Tokyo (AWP/AFX) – Le gouverneur de la Banque du Japon (BoJ) a reconnu mardi que la chute de la Bourse pourrait nuire à la santé économique du pays, alors que le spectre d’un sérieux ralentissement, voire d’une récession, commence à hanter les esprits dans la deuxième économie mondiale.
« La chute des actions peut avoir en soi un impact négatif (…) sur le moral des entrepreneurs et sur le moral des consommateurs. Nous voulons donc être attentifs à cela », a déclaré le gouverneur de la BoJ, Toshihiko Fukui.
L’indice Nikkei de la Bourse de Tokyo a chuté de près de 18% depuis le début de l’année, plombé notamment par les craintes de ralentissement économique aux Etats-Unis et par le net redressement du yen face au dollar, deux facteurs susceptibles de nuire gravement au commerce extérieur nippon.
La crise financière mondiale actuelle est survenue au pire moment pour le Japon, alors que le gouvernement venait déjà de revoir en forte baisse ses prévisions de croissance en raison d’une chute de l’investissement immobilier, due à une nouvelle réglementation draconienne sur la construction.
Le gouvernement a ainsi réduit à +1,3% son estimation de croissance pour l’année 2007-2008, qui s’achève fin mars, contre +2,1% auparavant.
M. Fukui a précisé mardi que, malgré la tourmente financière actuelle et son impact potentiel, il continuait à croire que « le cercle vertueux de croissance de la production, des revenus et des dépenses reste intact » au Japon.
Le Premier ministre, Yasuo Fukuda, a lui aussi lancé un appel au calme. « Bien qu’il y ait quelques faiblesses, j’estime que l’économie de notre pays poursuit sa reprise, le secteur privé pouvant s’appuyer sur la solidité des exportations et de la production », a-t-il affirmé à la Chambre des députés.
Mais rares sont les économistes qui partagent son optimisme.
Aux retombées de la crise des crédits immobiliers à risque aux Etats-Unis (« subprime ») s’ajoutent en effet les prix élevés du pétrole, ainsi qu’une situation de quasi-blocage politique dans l’Archipel qui paralyse toute réforme structurelle.
« La croissance japonaise va probablement trébucher au premier trimestre 2008 », estime Glenn Maguire, économiste en chef pour l’Asie à la Société générale, qui évalue à 72% la probabilité d’une récession cette année.
« La croissance dépend de la demande extérieure, et on craint une détérioration du commerce extérieur à cause du ralentissement de la demande aux Etats-Unis combiné à une appréciation du yen », explique-t-il.
A cette accumulation de problèmes s’ajoute le manque de solutions pour y répondre.
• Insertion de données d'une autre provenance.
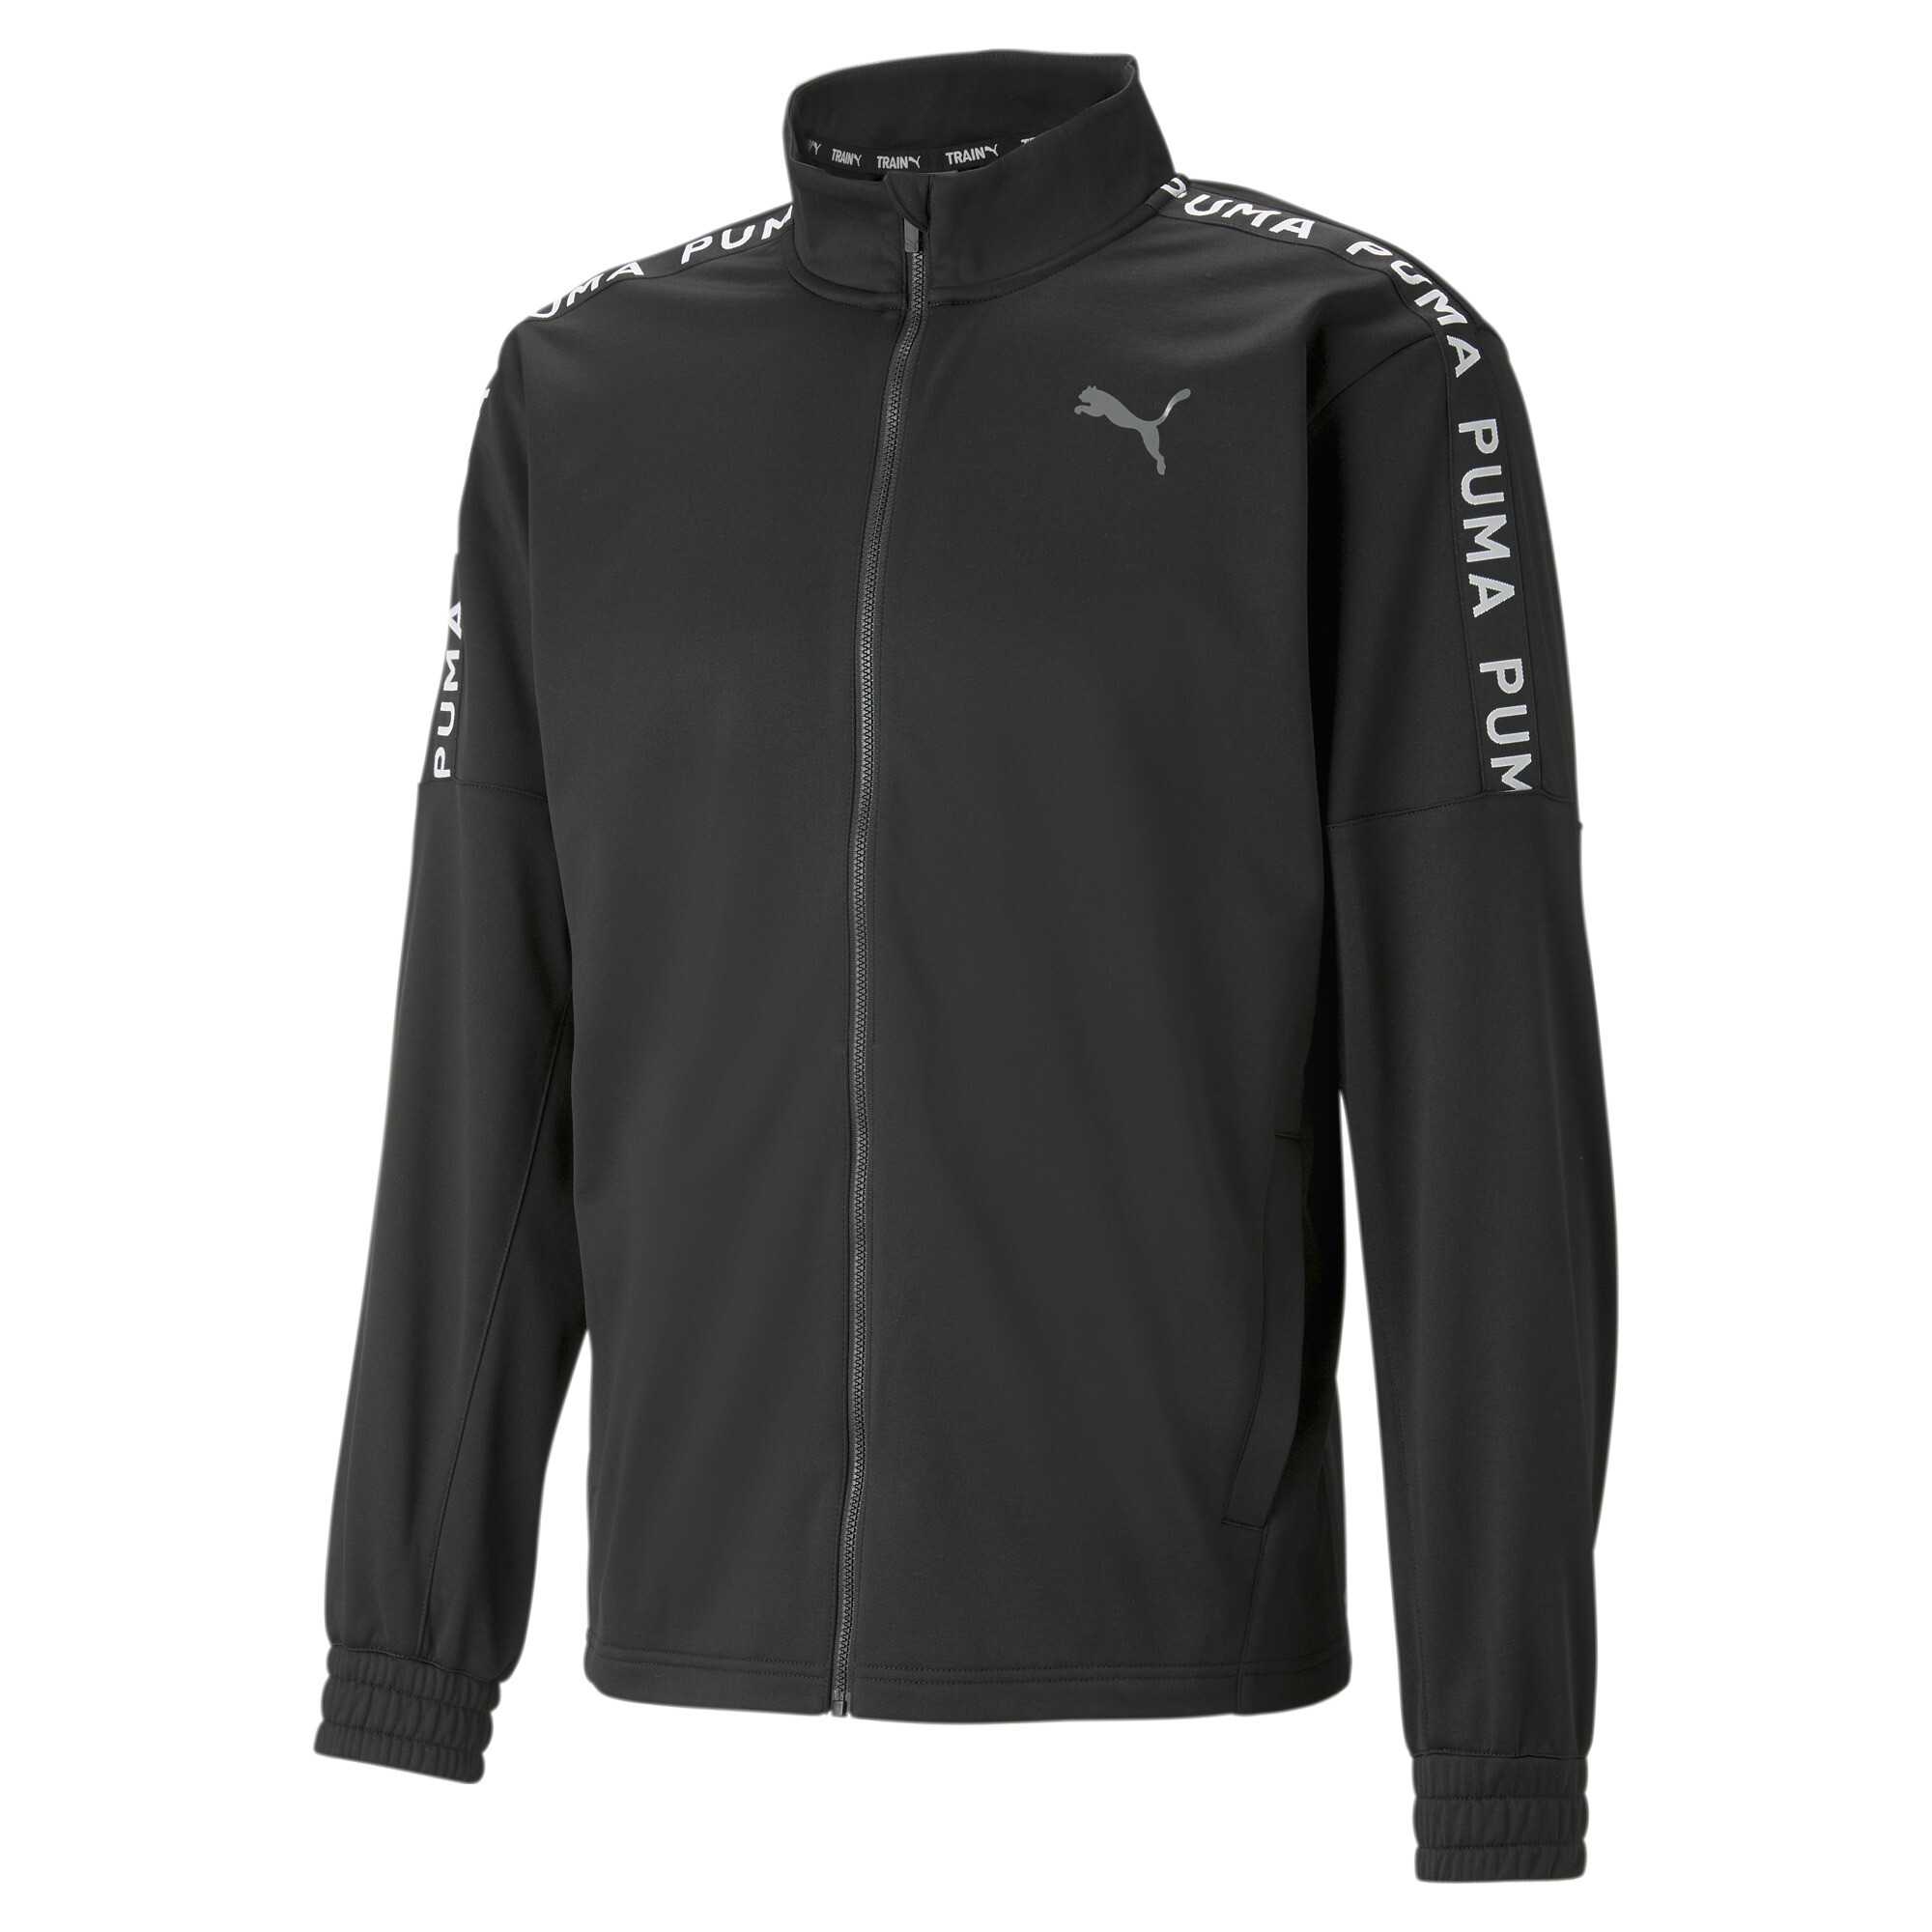 Men's PUMA Fit Light PWRFLEECE Full-Zip Training Jacket Men In Black, Size XS
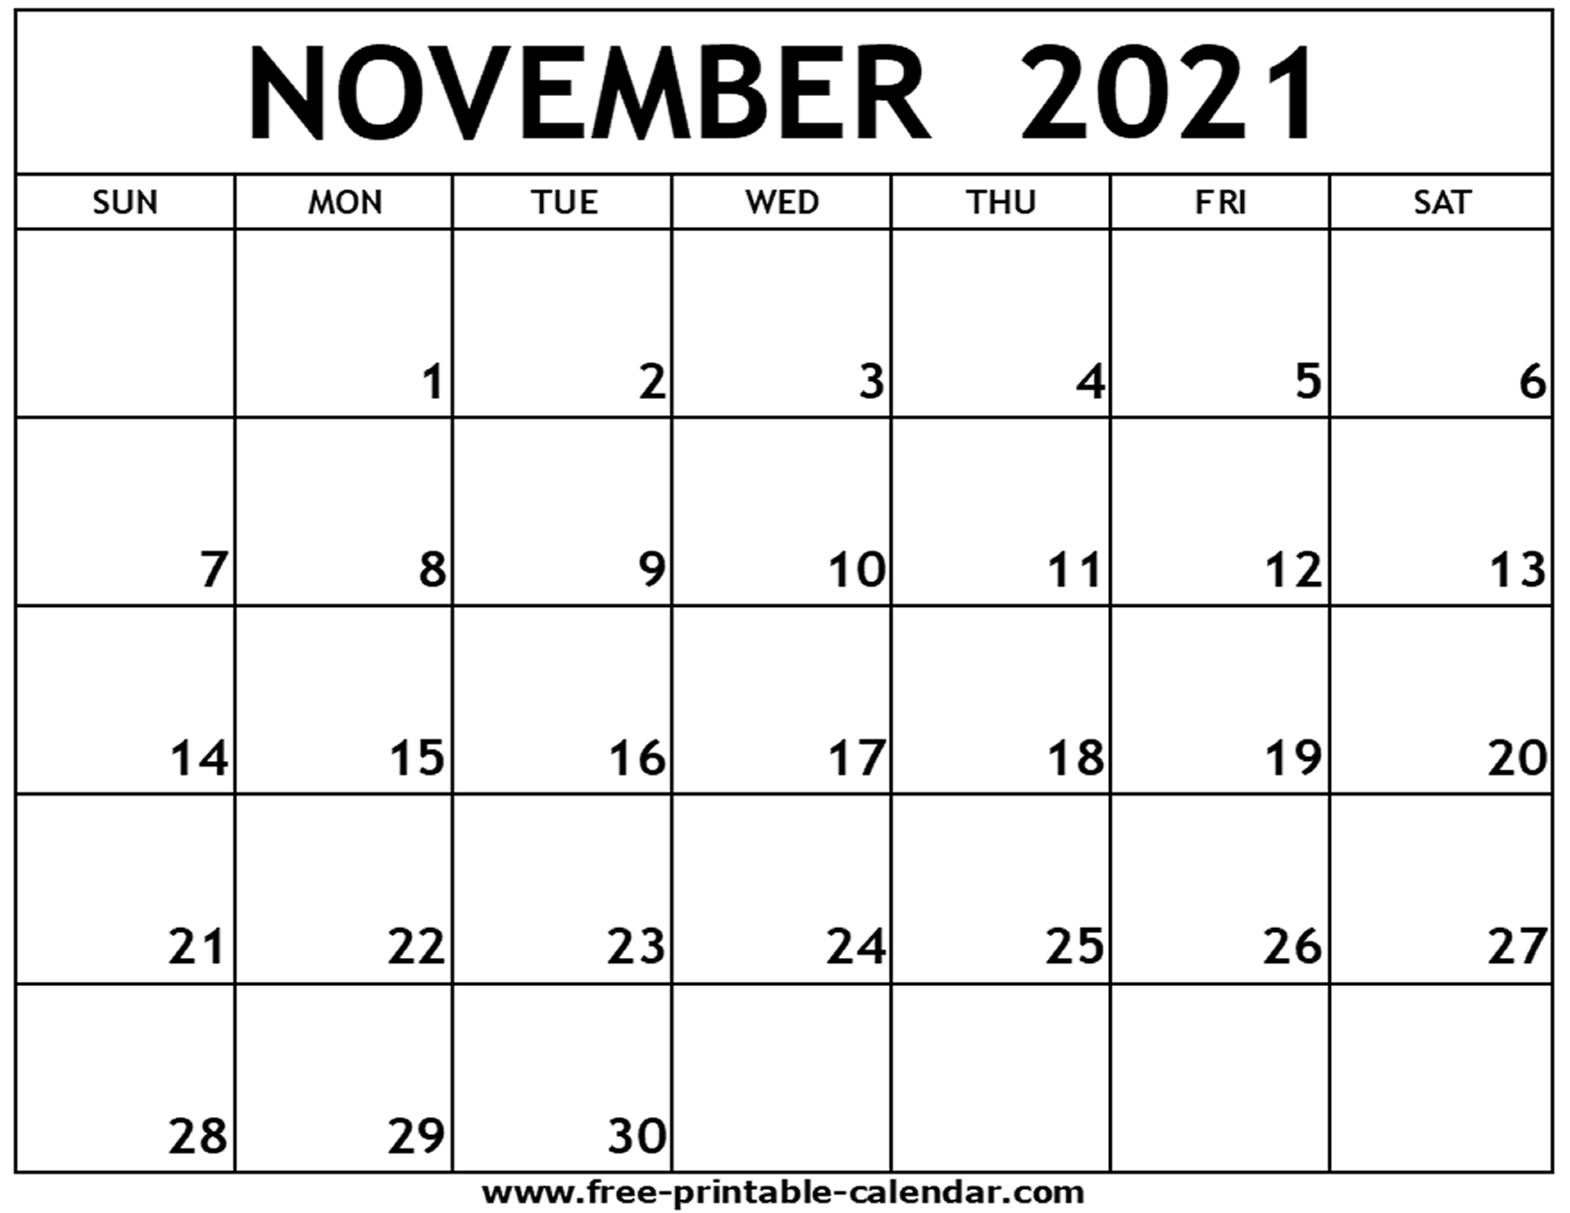 2021 November Calendar Free Printable | Example Calendar 1 November 2021 In Islamic Calendar

Avec des taux d’intérêt de seulement 0,50%, la marge de manoeuvre est minime pour la politique monétaire. Et le gouvernement, affaibli politiquement après avoir perdu le contrôle du Sénat en juillet et croulant toujours sous un énorme déficit public, semble peu en mesure de passer à l’action.
« Les marchés sont en train d’entrer dans une situation qui requiert d’une façon ou d’une autre une action politique. On peut dire que le marché a cessé de refléter les fondamentaux pour entrer dans une phase de panique », analysent dans une note les économistes de Barclays Capital à Tokyo.
« Mais dans le cas du Japon, la réalité est qu’il n’y a virtuellement aucun moyen d’y faire face en termes de politique macroéconomique », constatent-ils.
Pour Toshihiro Matsuno, analyste chez SMBC Friend Securities, le plongeon des marchés japonais s’explique « par un effet boule de neige de ventes, par la crainte que les problèmes des marchés financiers américains se répandent dans toute l’économie et, finalement, par l’incapacité des autorités japonaises à faire quoi que ce soit contre cela ».
« La stabilité doit venir des marchés américains. Le Japon ne peut, ou ne veut, pas faire grand chose », soutient-il.